Box of Love, The Bert Jansch Samper, Vol II

We also grew up with the album, Box of Love, The Bert Jansch Samper, Vol II, from 1972. It has a lovely cover designed to resemble a match box, in black, red and yellow, with a dark grey strip of “carbon” along the bottom. On this album I first got into Peregrinations, another short instrumental but one which, heard afresh on this CD, I now realise is one of his most sublime efforts. You ears just savour the sound!

Jack Orion

From the album, Jack Orion, and also on Box of Love, is The Gardener, which heard on this CD is yet another superb piece. In this case he hum-sings – dai-do-dai-da-di-daa – alongside some more amazing guitarwork: pure ear candy!

Birthday Blues

My interest was piqued, when I read earlier on, about his tribute to his first wife, the sculptor Heather Sewell, titled Miss Heather Rosemary Sewell, off the Birthday Blues album from 1968. This takes one into an English country garden. Light, chipper, bird-like notes spring to life, charged with springtime energy and summer growth. There is a lovely infusion of a double bass or cello, both plucked and bowed, and a wide range of time adjustments to keep one captivated.

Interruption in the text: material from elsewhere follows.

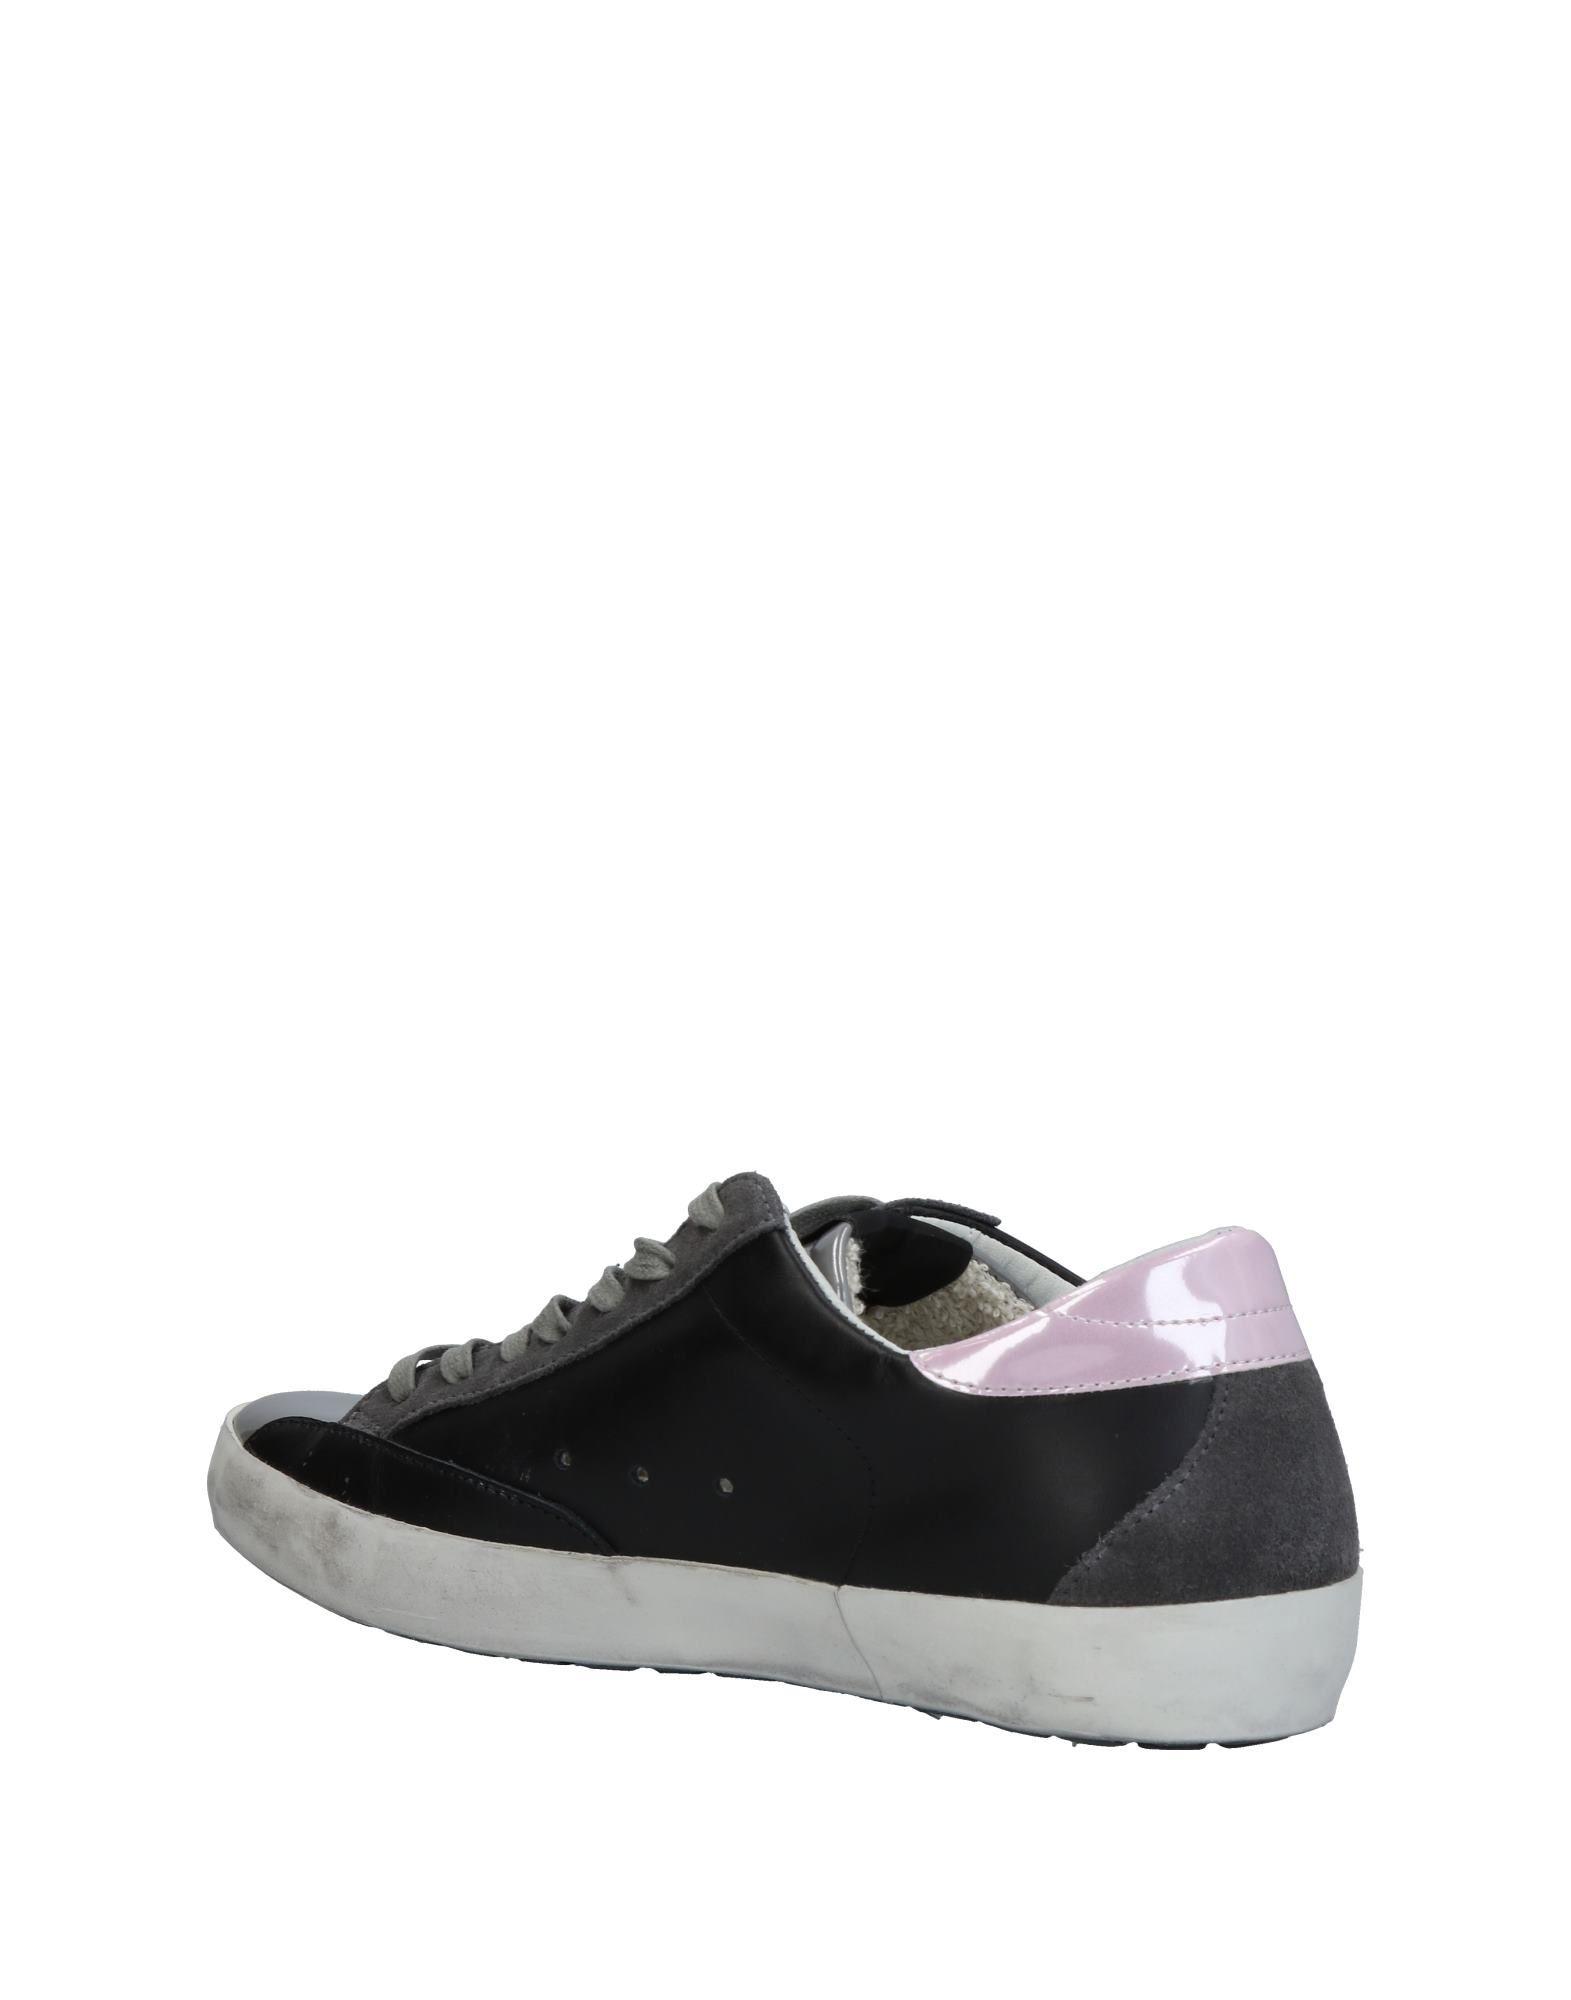 Quattrobarradodici Sneakers Damen  Schuhe 11459236VU Gute Qualität beliebte Schuhe  f2bbdb

Jansch perfected the plucking of the thinner strings against the fretboard to give pluckier, bolder notes, while also “bending” notes to suit requirements by forcing the string up the fretboard. These devises are most evident on a short track, titled Blues, on which he is accompanied by subtle bass and drums.

I could wax lyrical virtually throughout the Jansch oeuvre, but I think I have covered some of the principal works in his early career, when the world first took notice of this talented, and incredibly unorthodox guitarist, who made an indelible mark on the history of modern music.